→ WORK REQUIRED:
Skip the pictures. Quote every line below, exactly, from the one with "Night Warning (Lim." through the final line.

======== DATASET SECTION ========

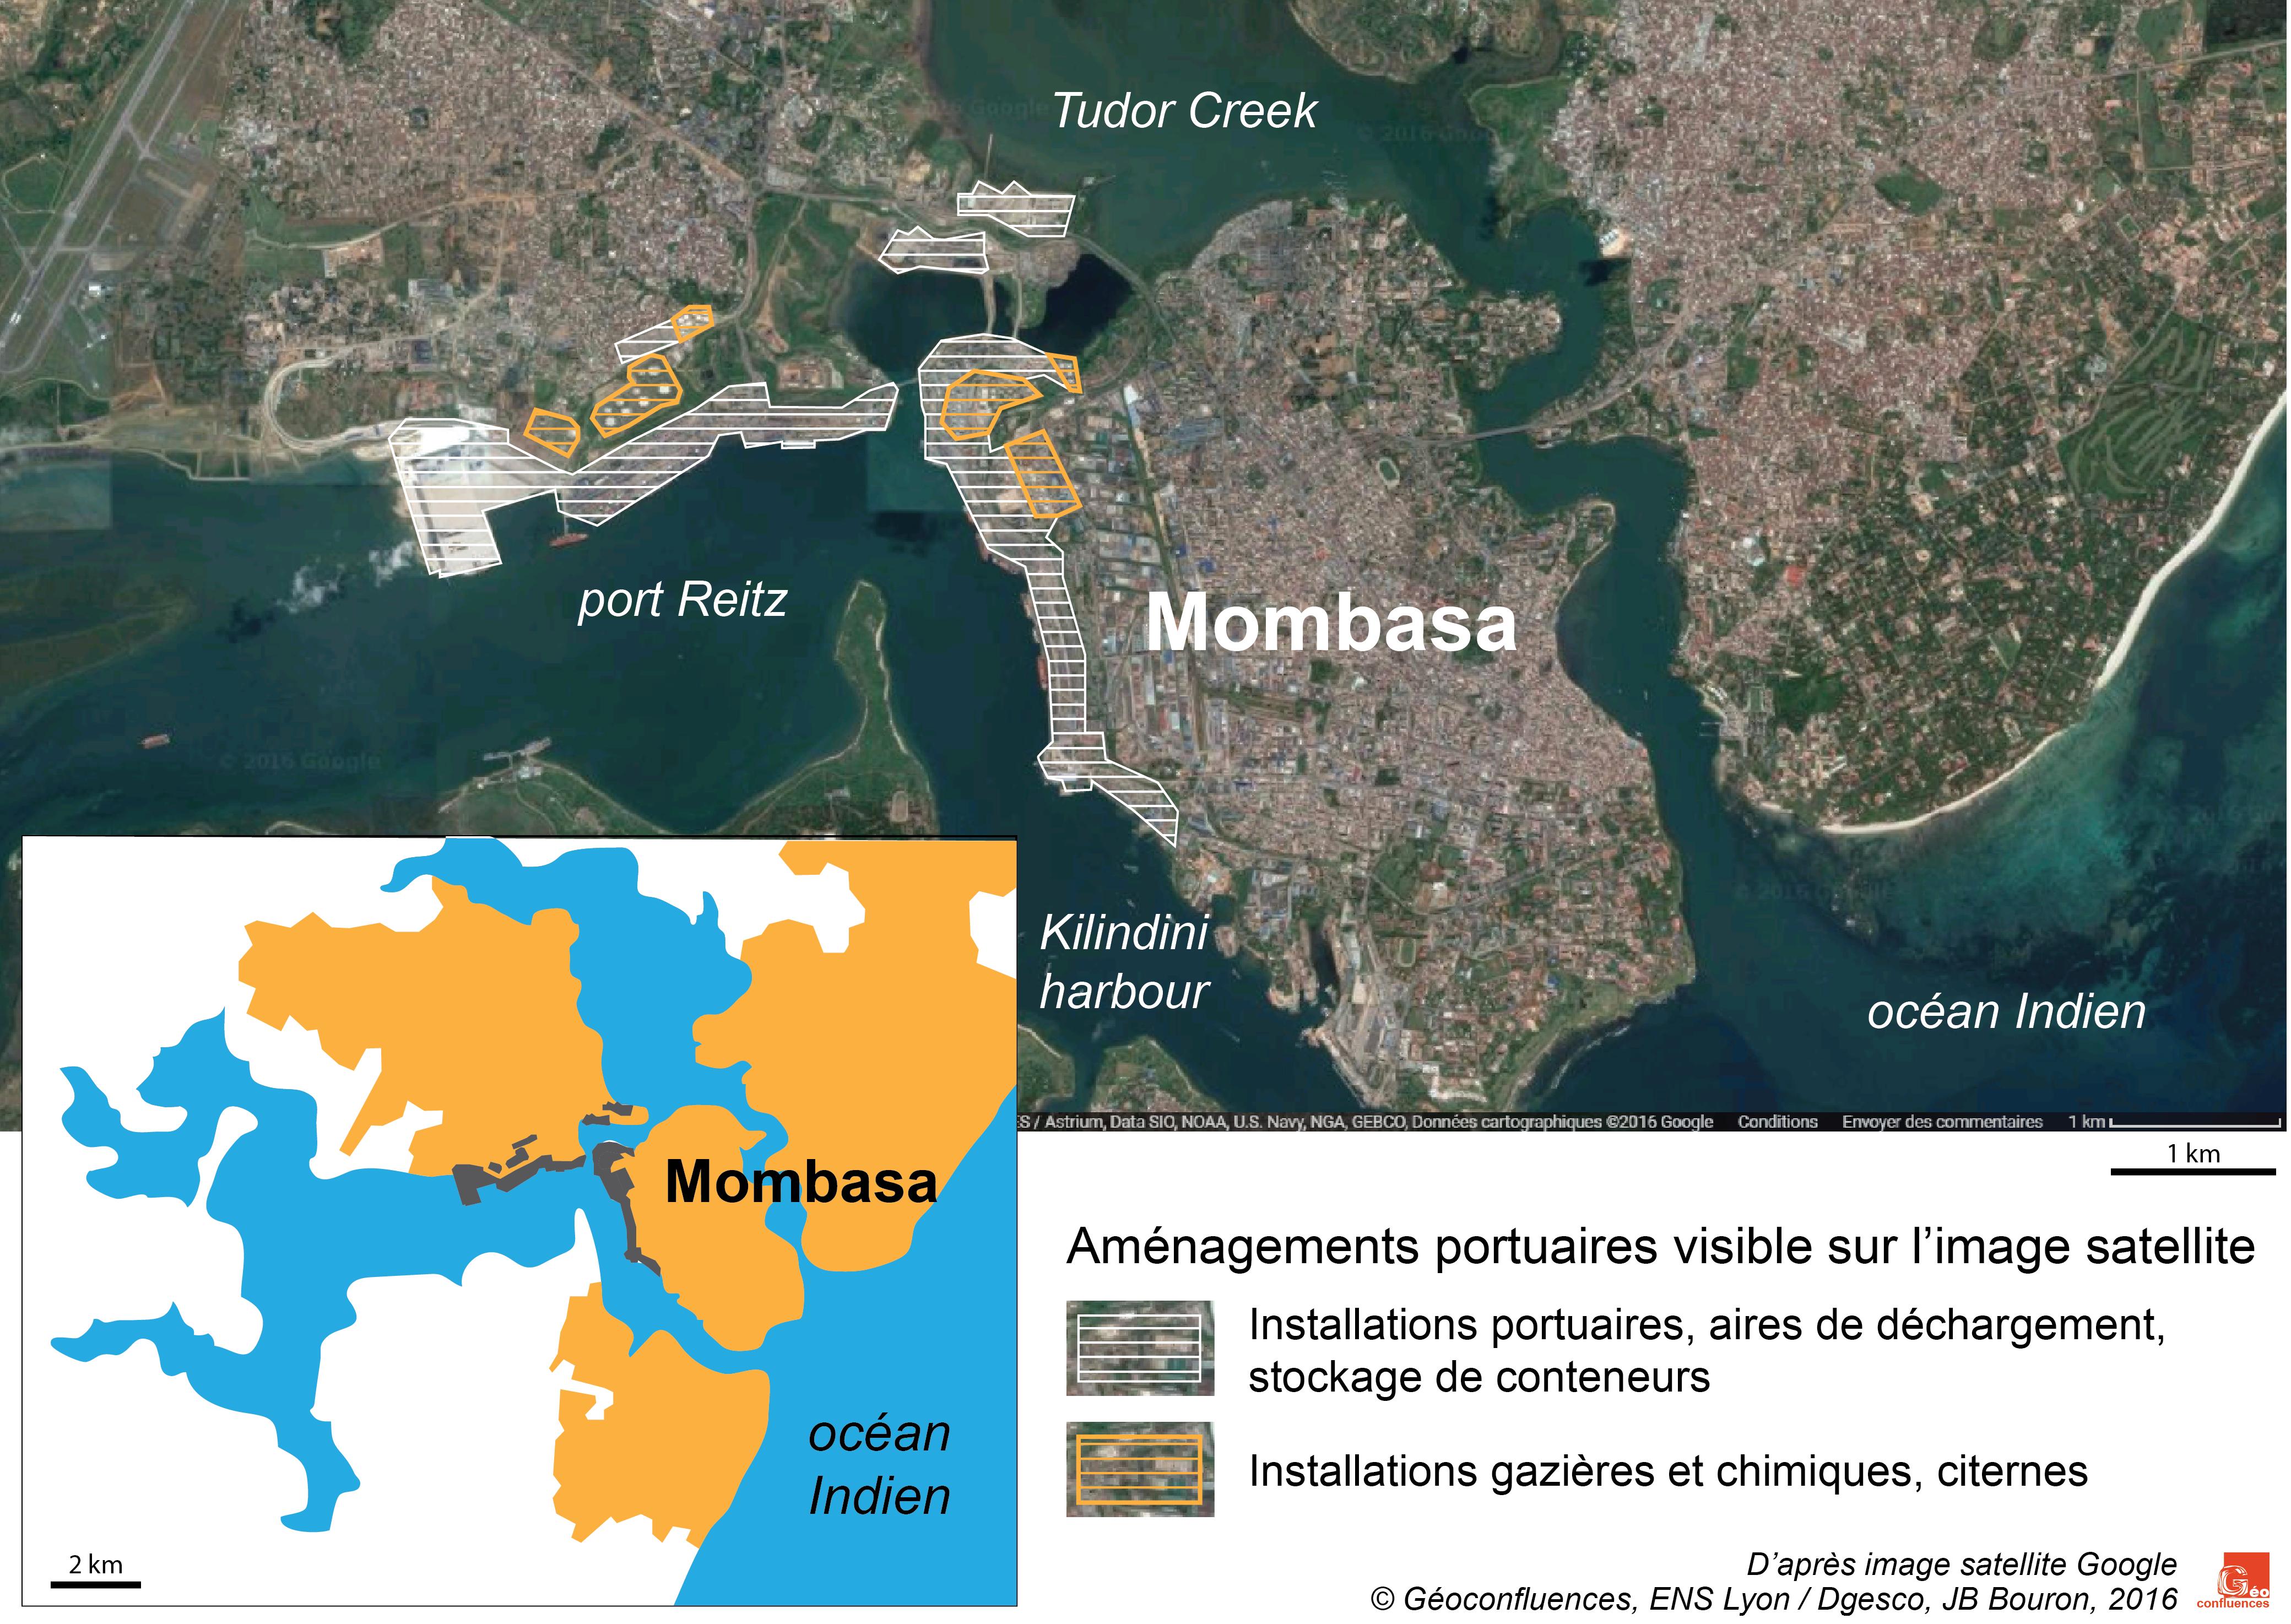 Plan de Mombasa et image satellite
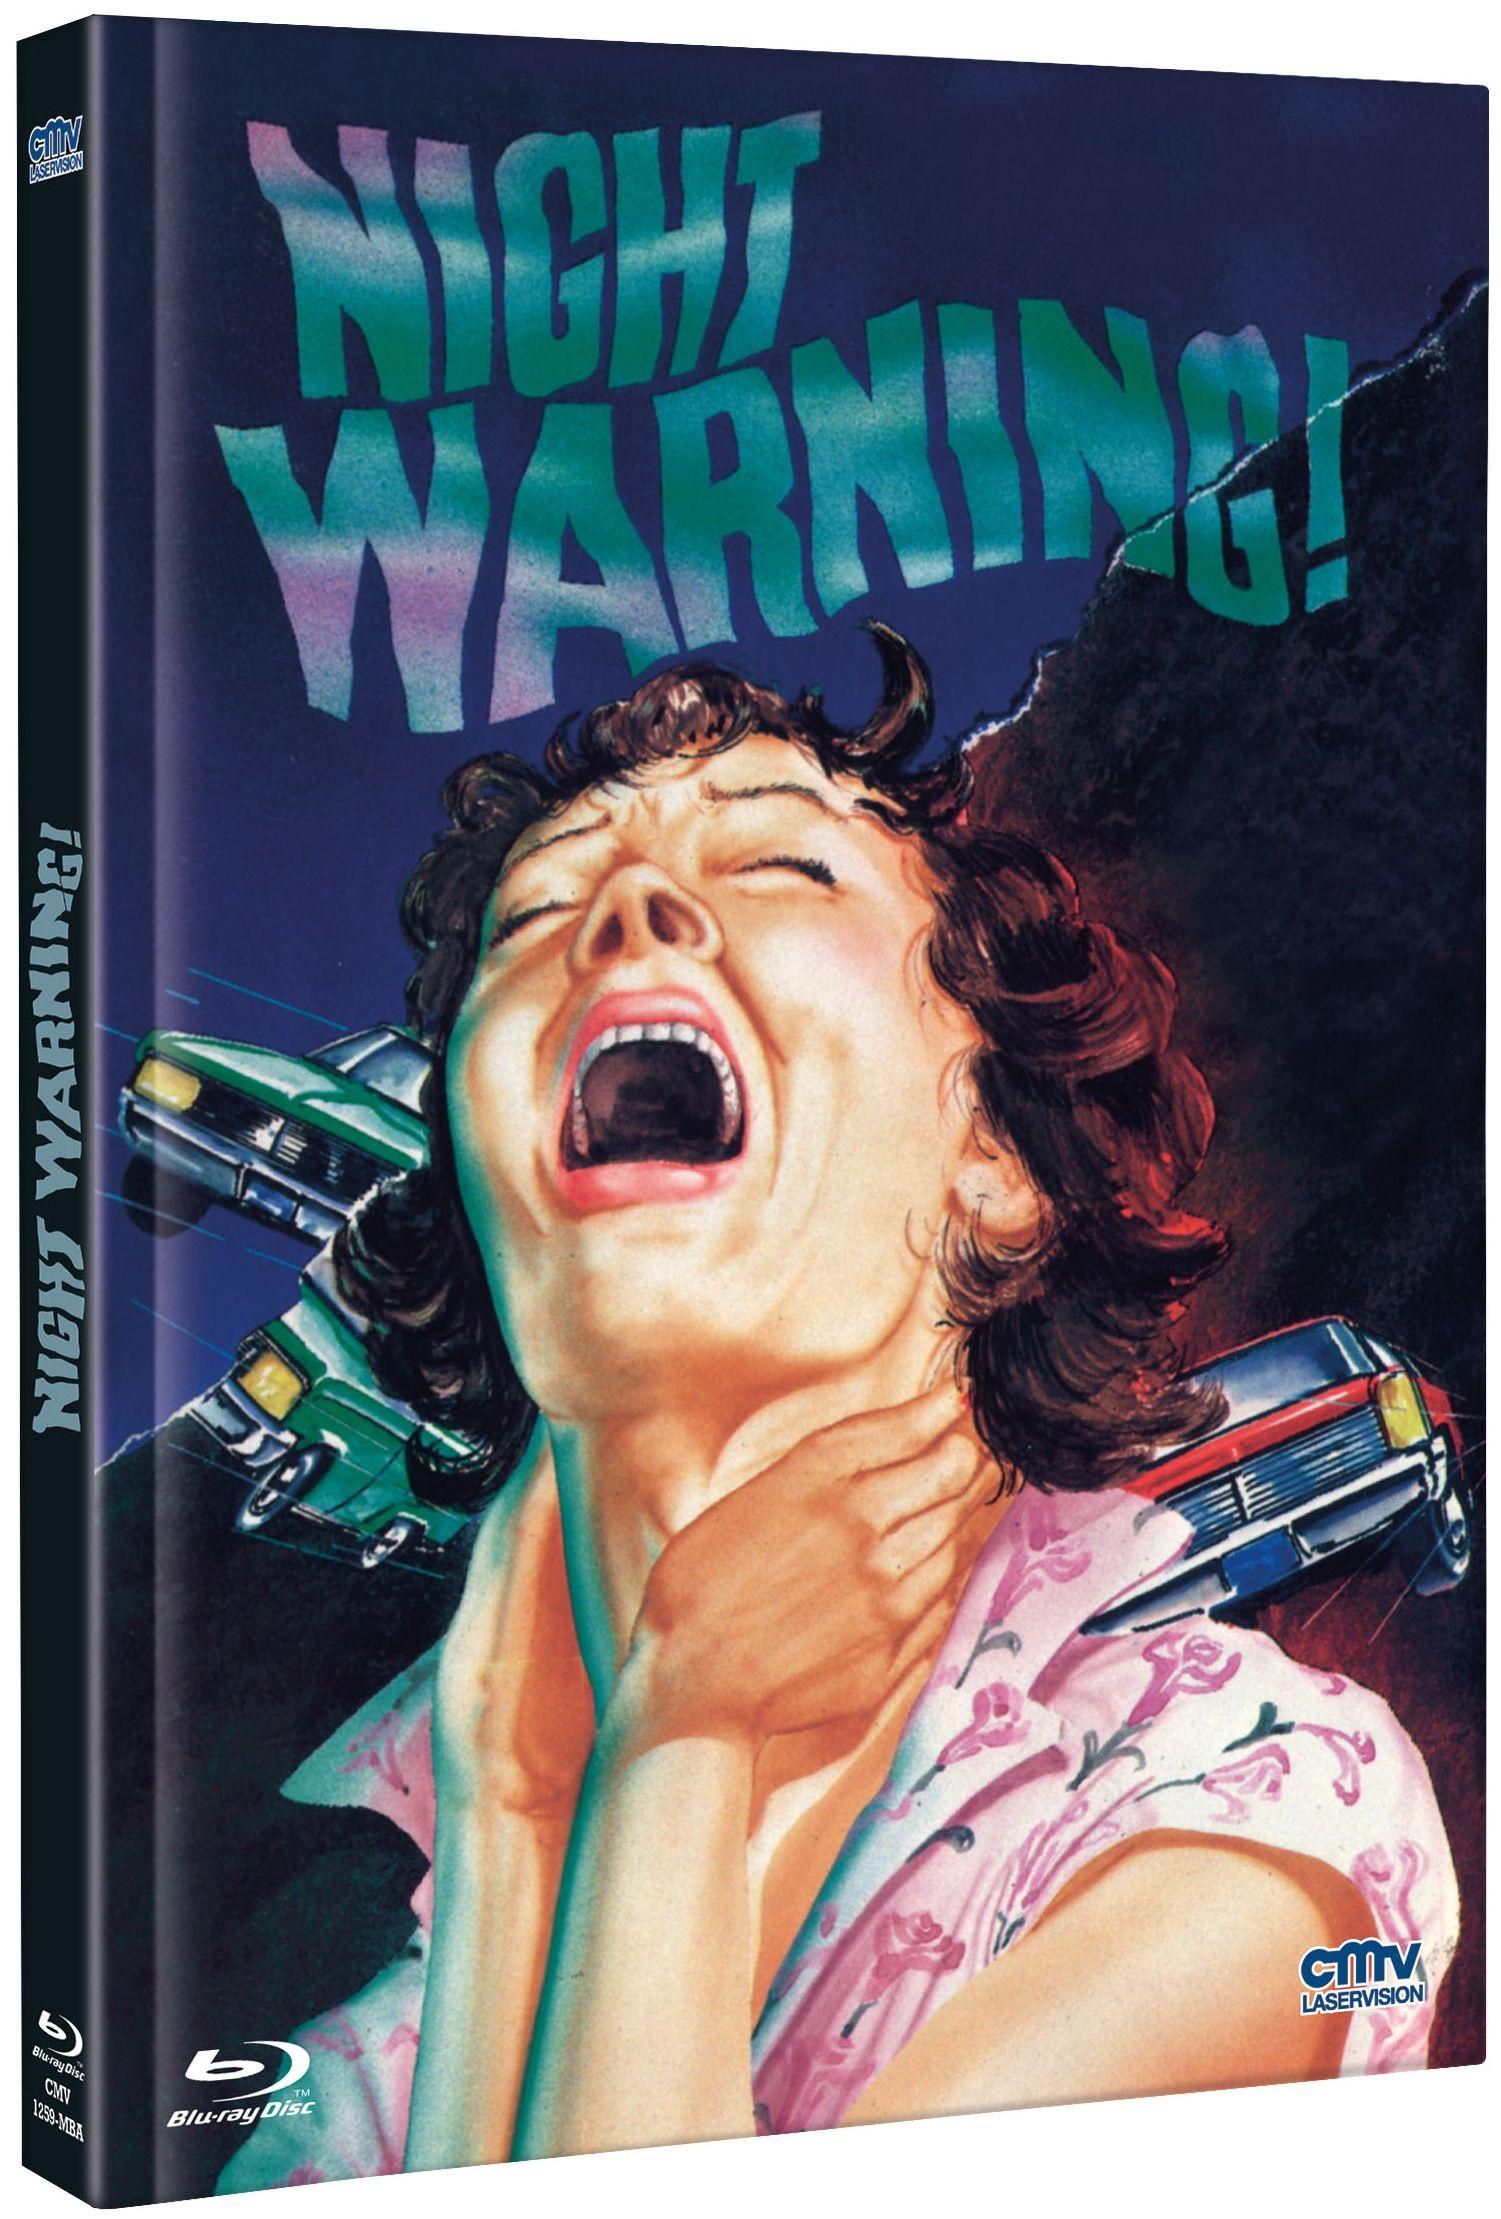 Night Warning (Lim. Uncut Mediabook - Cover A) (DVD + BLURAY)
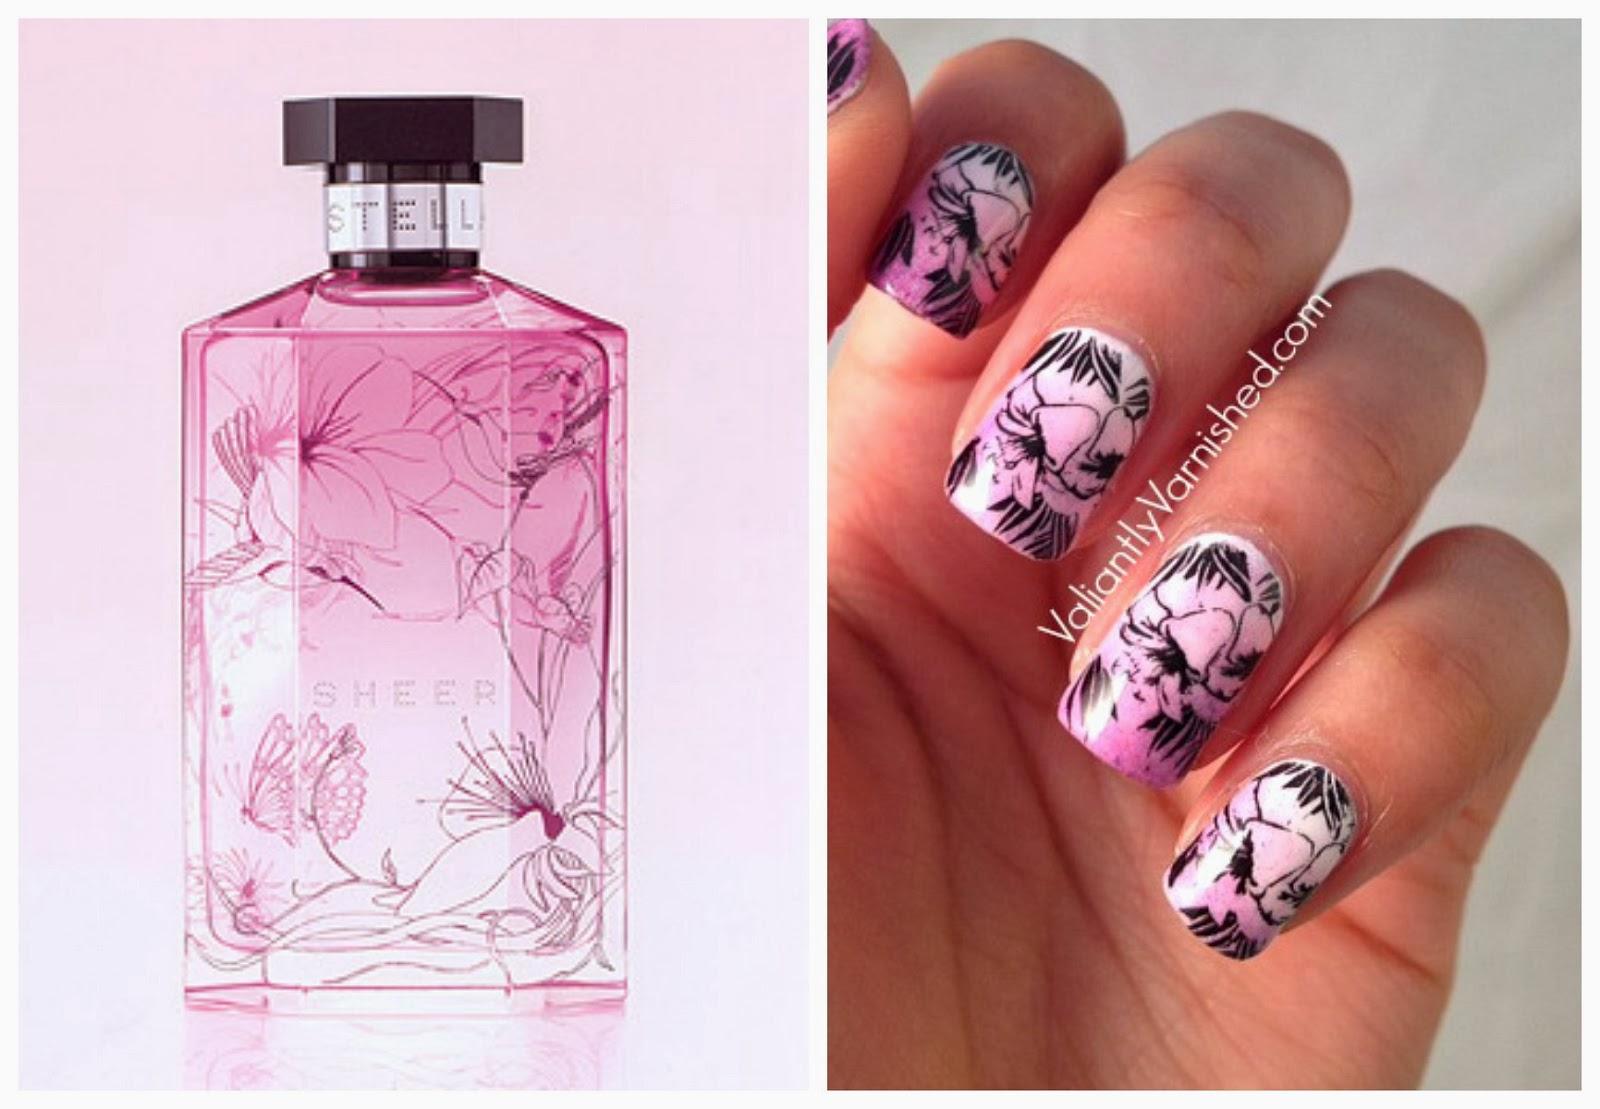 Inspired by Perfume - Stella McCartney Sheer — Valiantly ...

========

→ RESULT BELOW:
 Night Warning (Lim. Uncut Mediabook - Cover A) (DVD + BLURAY)
 Inspired by Perfume - Stella McCartney Sheer — Valiantly ...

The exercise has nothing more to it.